Behavioural alterations include moving over human areas at night to reach rich pastures they would not be able to access during the day. And now, a team has found that these changes seep into elephant physiology too: in a recent study, scientists who studied stress levels by analysing hormones left behind in fresh elephant dung found that elephants in human-dominated regions had similar baseline stress levels as those dwelling in comparatively undisturbed forests. This suggests that elephants seem to have adapted to the stress in ‘human’ habitats.

So what makes elephants so adaptable? In 2014, a team of scientists found that African elephants in Kenya’s Amboseli National Park can recognise the voices of two ethnic peoples who live there, the Maasai (who chase away elephant herds because they compete for resources with their livestock) and Kamba (who do not threaten elephants in any way). The team played recorded human voices — saying “Look, look over there, a group of elephants is coming” — of both ethnic groups from a concealed loudspeaker and studied elephants’ reactions to this. The pachyderms formed tight circles in defence and kept smelling the air much more when Maasai voices were played. Astoundingly, the animals could even distinguish the voices of adult Maasai men from those of women and boys (the latter don’t pose significant threats).

Learning from matriarchs

While individual elephants could learn this from experience, social learning — where young elephants learn behaviours from matriarchs and older elephants — could be helping them adapt to humans, wrote ethologists Joshua Plotnik and Frans de Waal in 2017. According to them, recent studies put elephant social complexity on par with that of great apes; studies now reveal that elephants cooperate, empathise, problem-solve and recognise themselves in the mirror. Thus it is “not surprising that they are learning to adapt to their changing natural environments,” they write.

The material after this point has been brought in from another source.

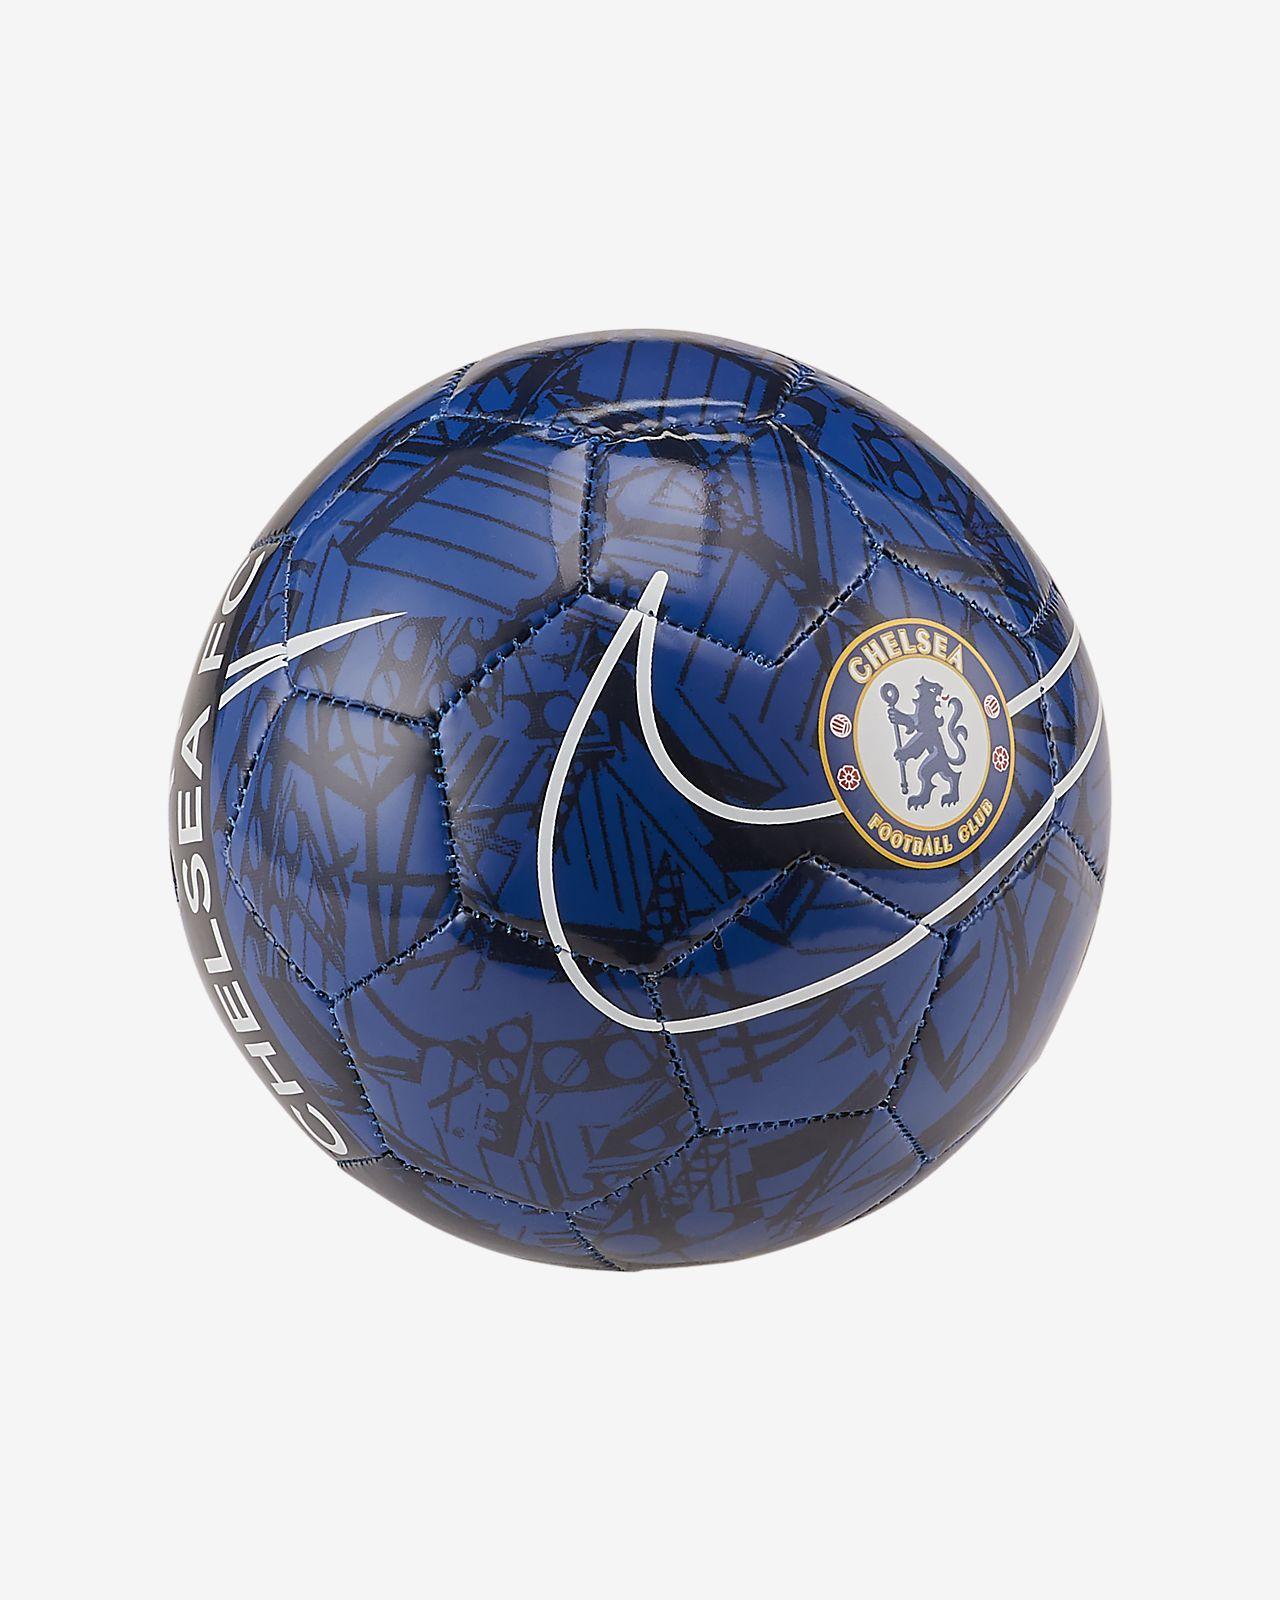 Chelsea FC Skills fotball

Understanding how elephants adapt to constantly-changing threats could be crucial in protecting the mammals in the wild. And if elephants primarily interact with the world using non-visual senses such as sound and smell as the African example shows, “the ‘human perspective’ for solving conservation problems may not be enough,” they add. This is a view that Kumar and his colleagues also hold.

“We are passing judgements, based completely on a human perspective,” says Kumar. “We think elephants should not be seen outside protected areas. We humans have already decided where animals should be.” But seeing wildlife from the perspective of both people and animals reveals a completely different picture. Both natural and anthropogenic habitats of elephants could be important to conserve the charismatic species.

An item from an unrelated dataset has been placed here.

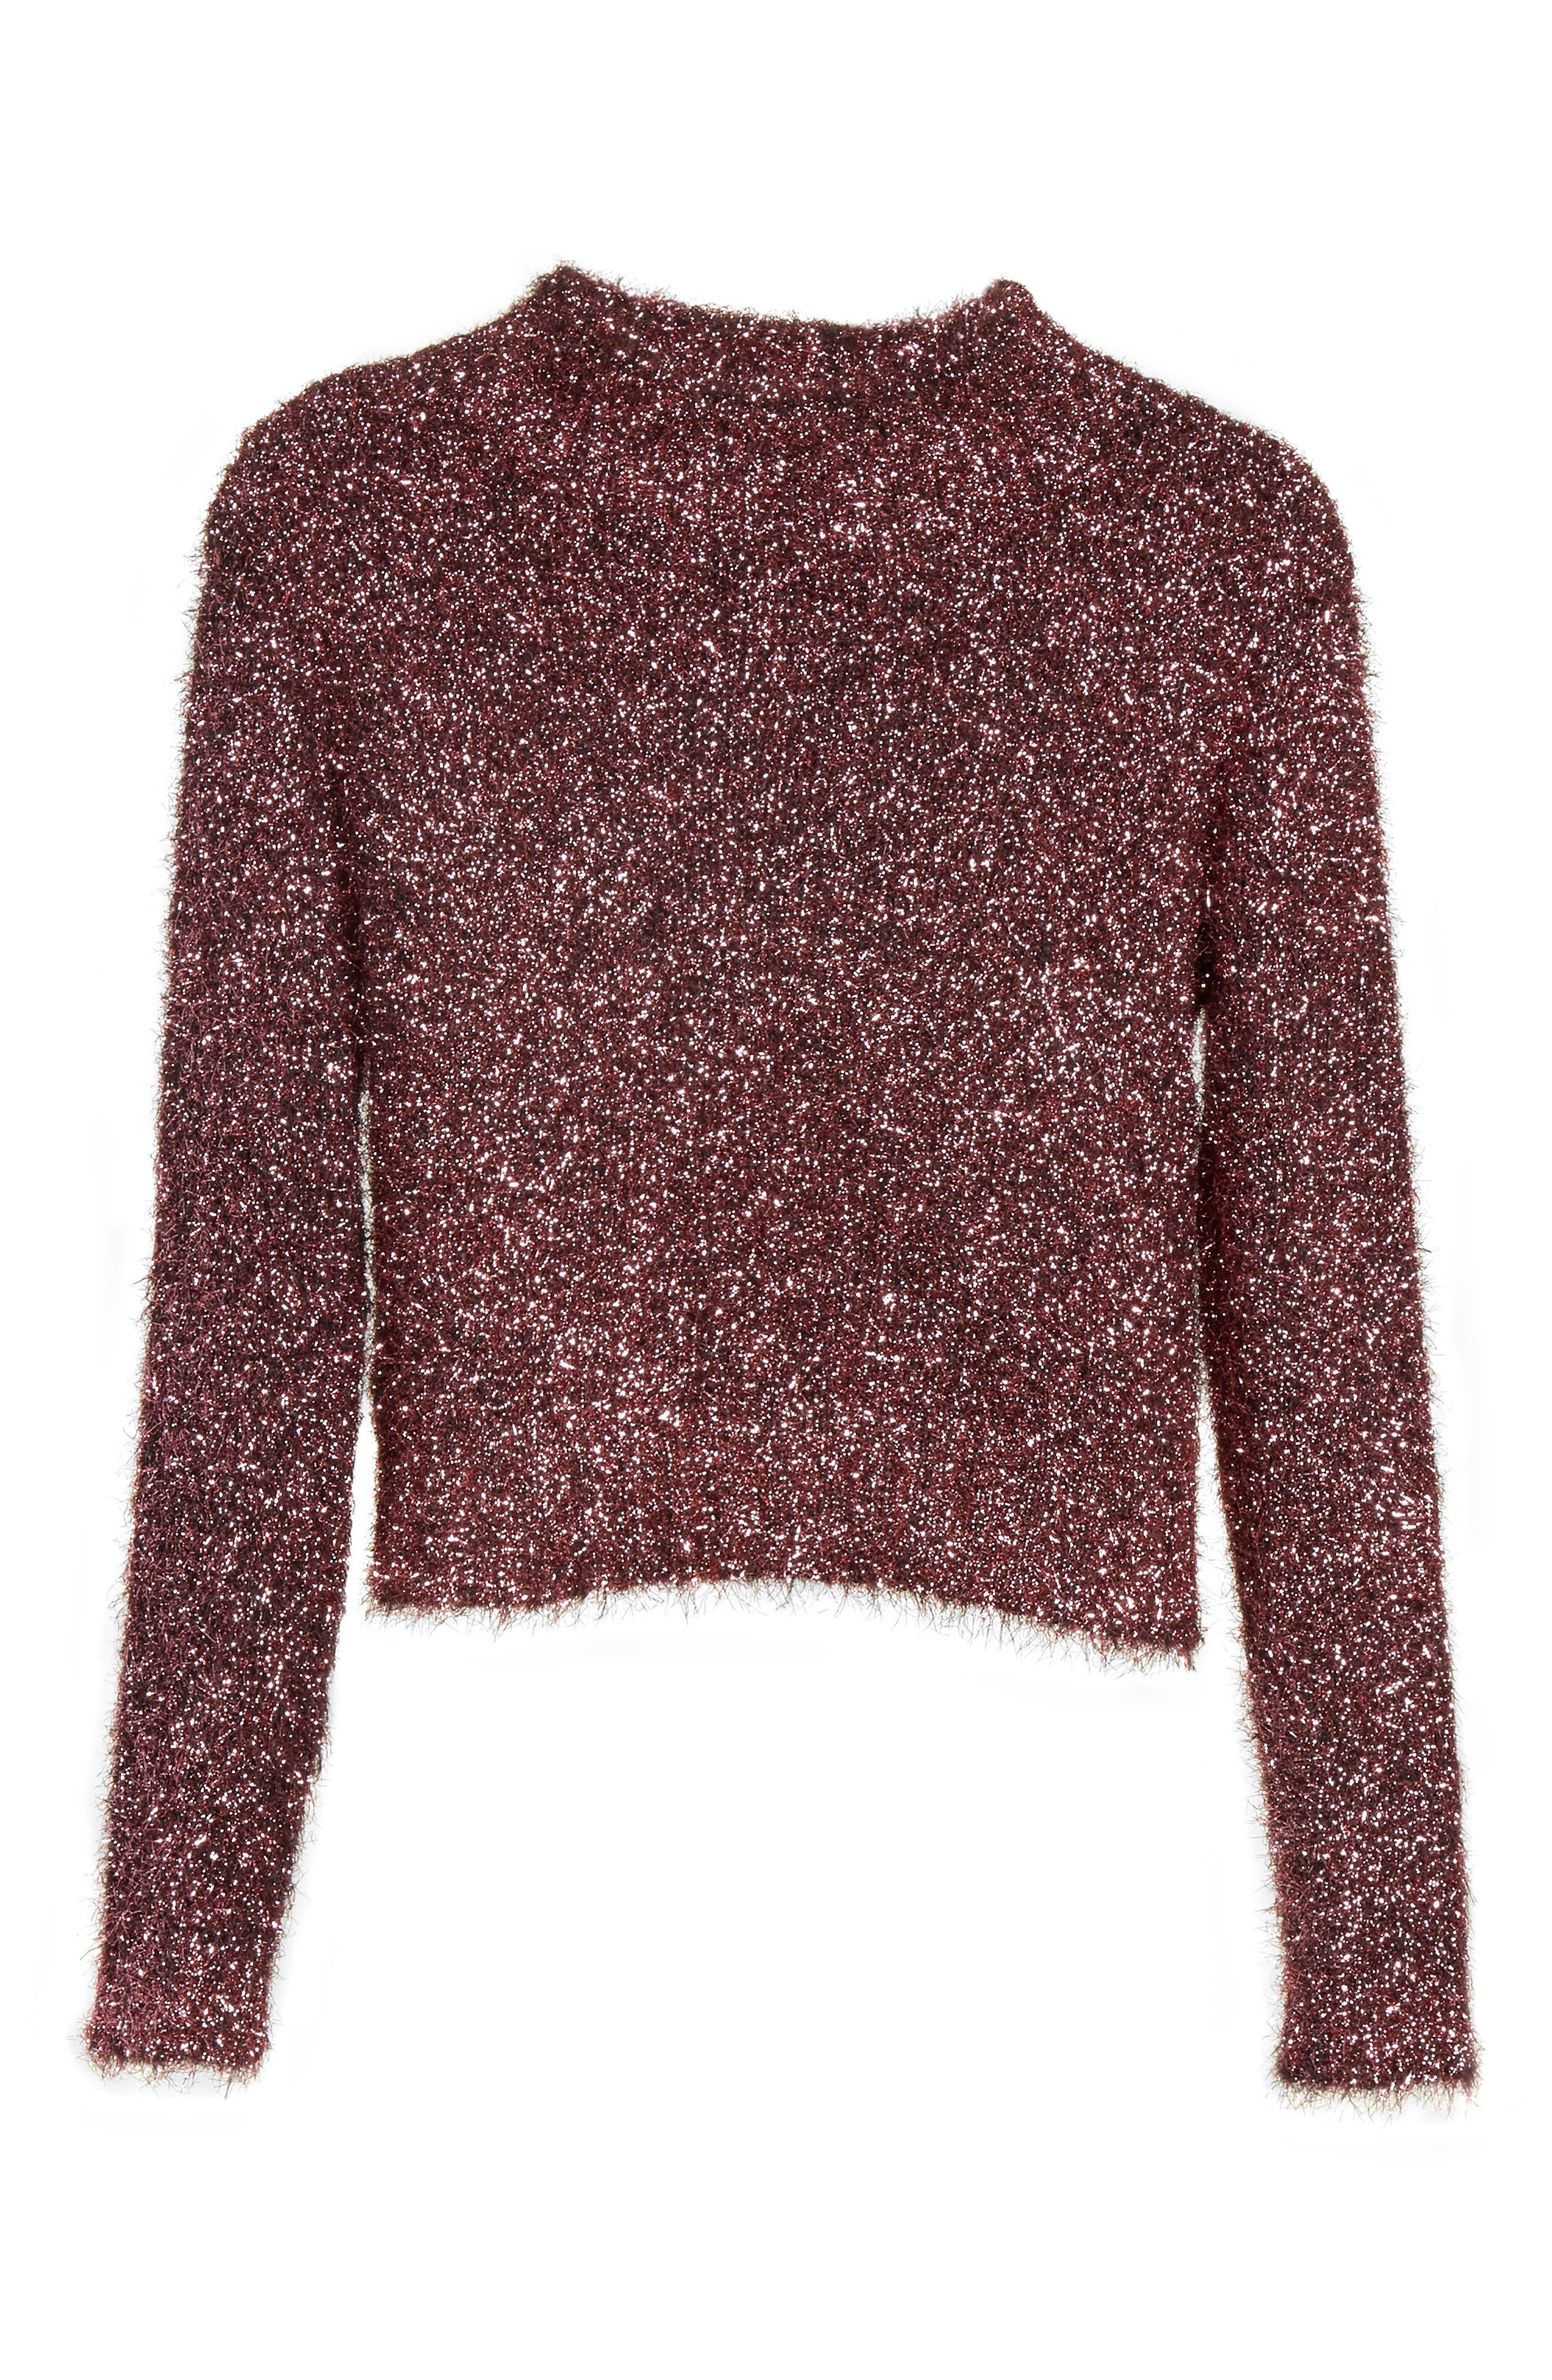 Vaporize Textured Metallic Sweater,                             Alternate thumbnail 6, color,                             Pink

And yet how practical is this? In principle, elephants can adapt “wonderfully” to human-dominated habitats including agricultural areas, agrees elephant biologist Raman Sukumar. “What about increasing conflicts with people when this happens?” he asks. “This adaptation comes at a huge cost, to both people and elephants. We have to plan where to let elephants wander and where not.”

On the other hand, changing the perception of what constitutes a habitat could be crucial to bring meaningful change in conservation, write Kumar and his colleagues.

One way to do this would be to involve people — researchers, conservation agencies, policy makers and citizens — in the process; communicating the beauty and ecological importance of wildlife in production landscapes would be critical to combat the thinking that wild animals should be restricted to forests alone.

The Step-Ear herd for one definitely doesn’t restrict itself to forests. Kumar and his team still follow and study the herd as it moves about the tea estates of Valparai. And even 15 years later, the pachyderms show high levels of agitation and unusual alertness in areas where they have learnt there could be trouble.